[AVAILABLE DATA]
========================

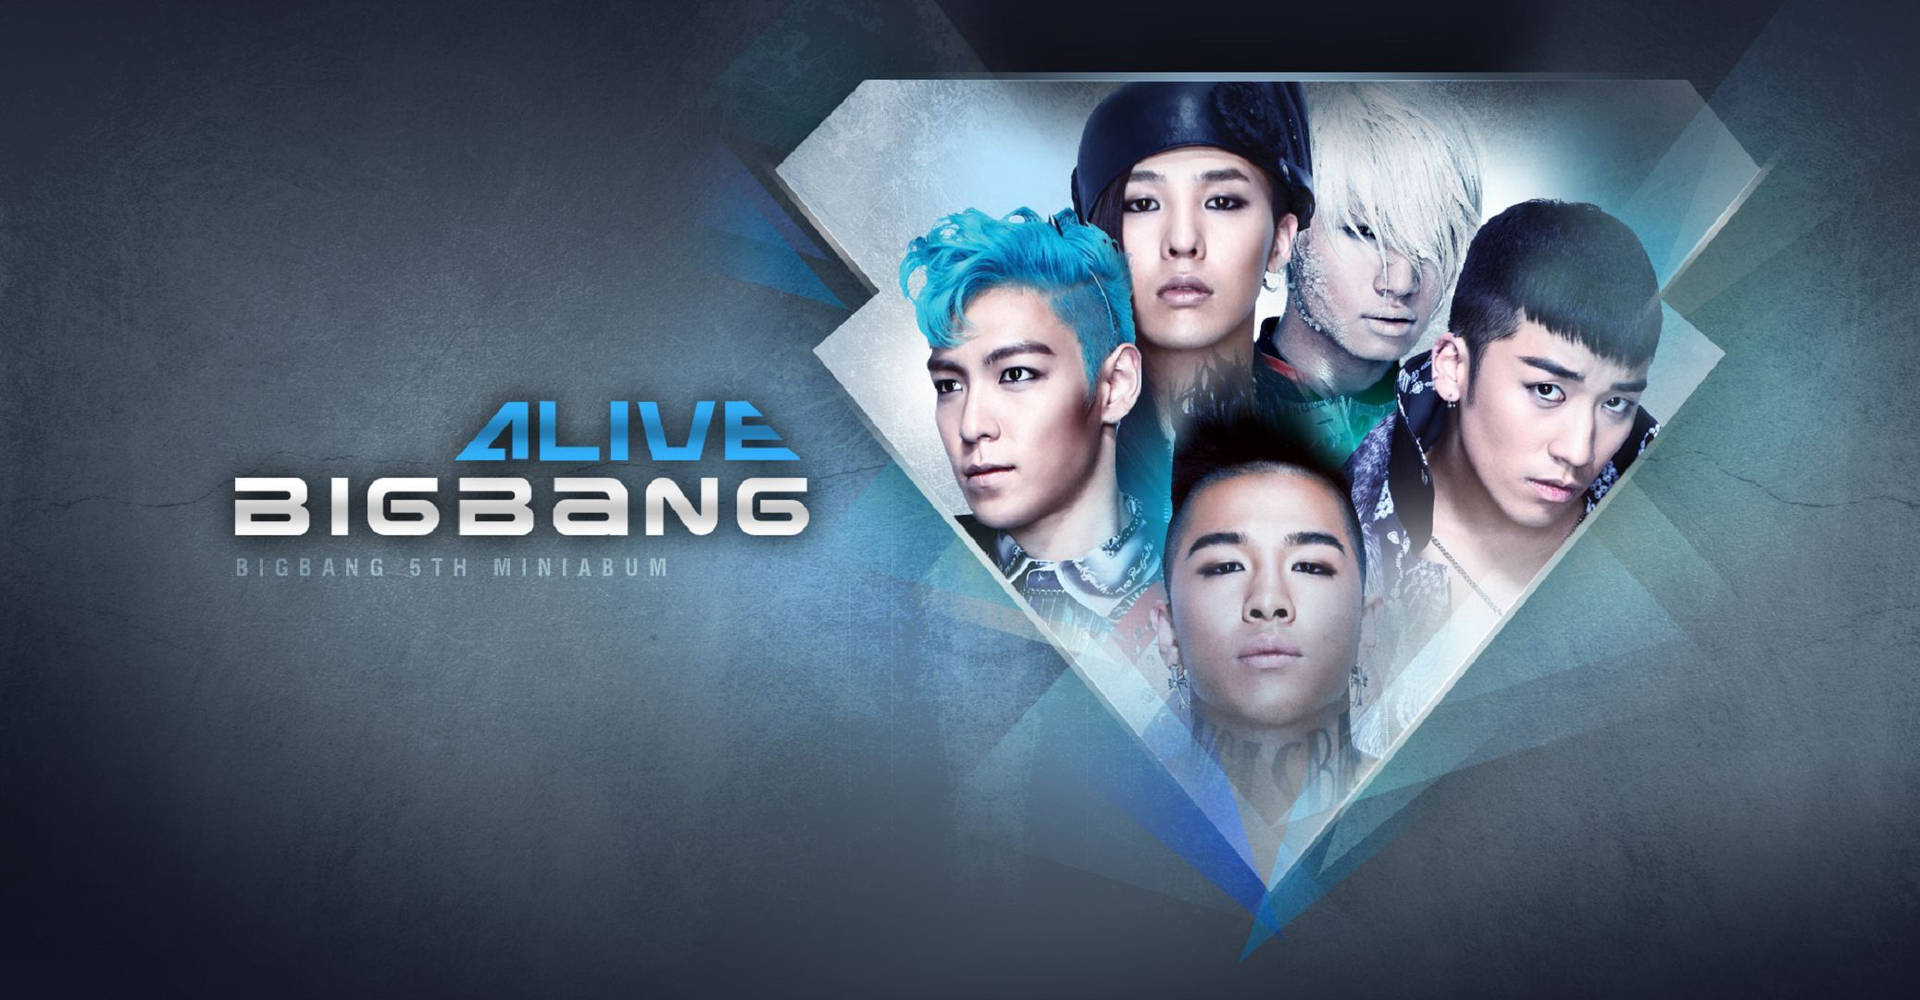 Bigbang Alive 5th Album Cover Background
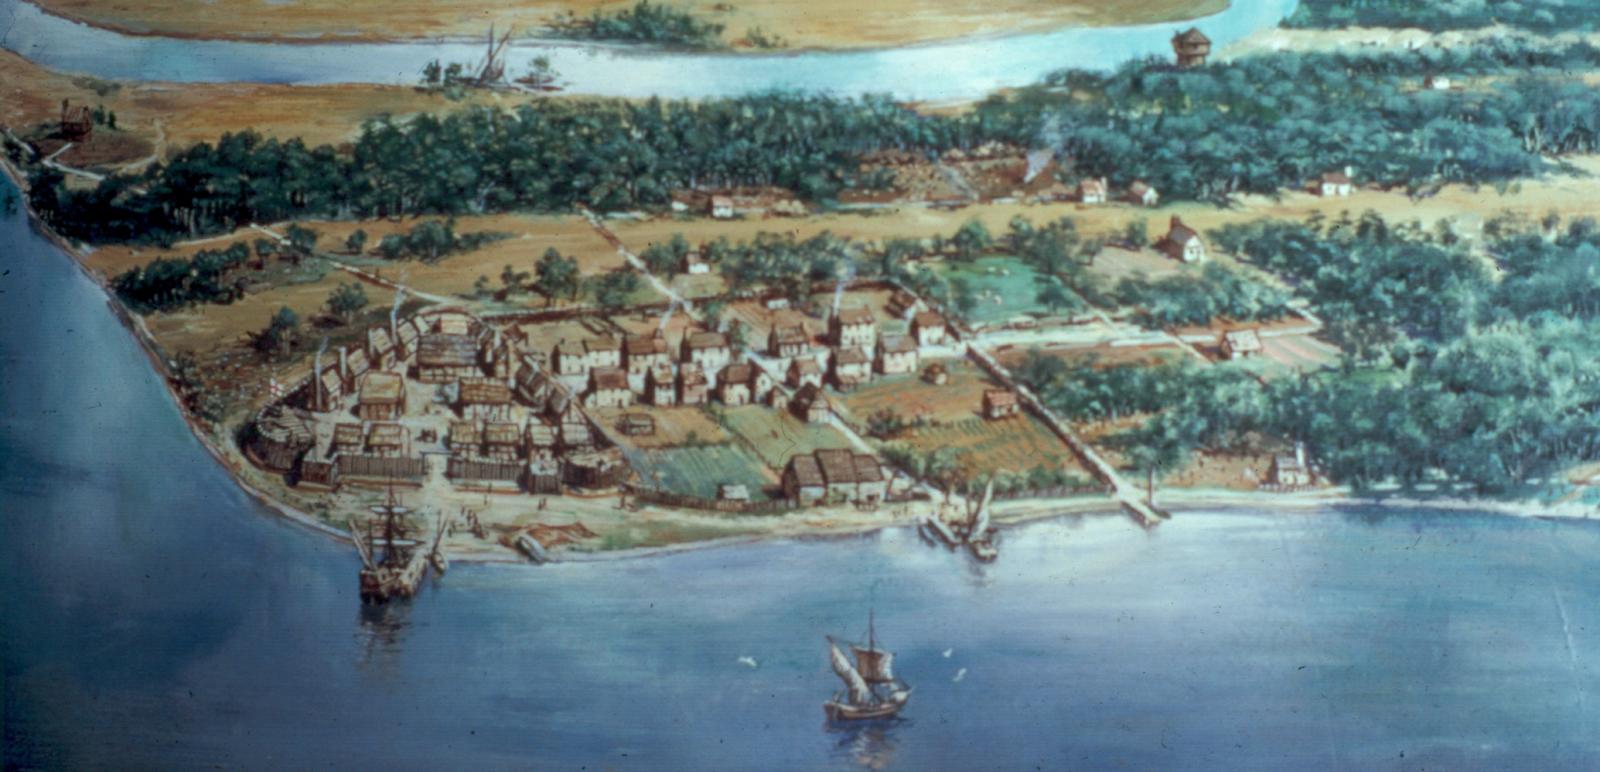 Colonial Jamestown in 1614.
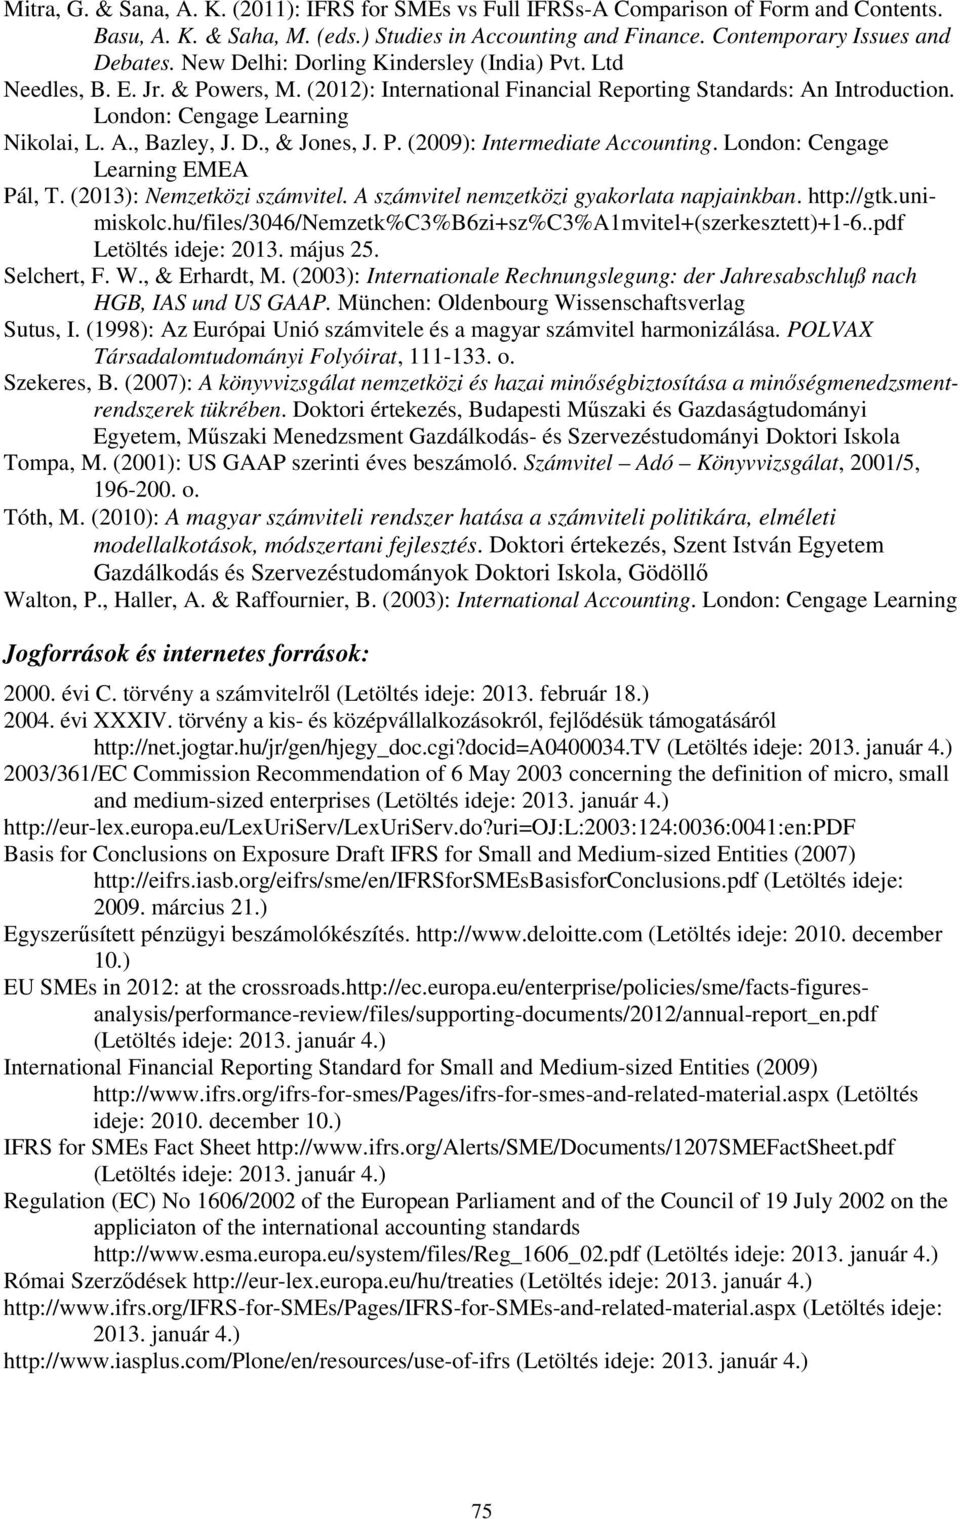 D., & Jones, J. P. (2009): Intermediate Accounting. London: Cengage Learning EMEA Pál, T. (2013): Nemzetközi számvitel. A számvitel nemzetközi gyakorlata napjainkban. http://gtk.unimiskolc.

========================

[EXERCISE GOAL]
Copy out every line above, word for word, minus images.

[COMPLETED EXERCISE]
 Bigbang Alive 5th Album Cover Background
 Colonial Jamestown in 1614.
 D., & Jones, J. P. (2009): Intermediate Accounting. London: Cengage Learning EMEA Pál, T. (2013): Nemzetközi számvitel. A számvitel nemzetközi gyakorlata napjainkban. http://gtk.unimiskolc.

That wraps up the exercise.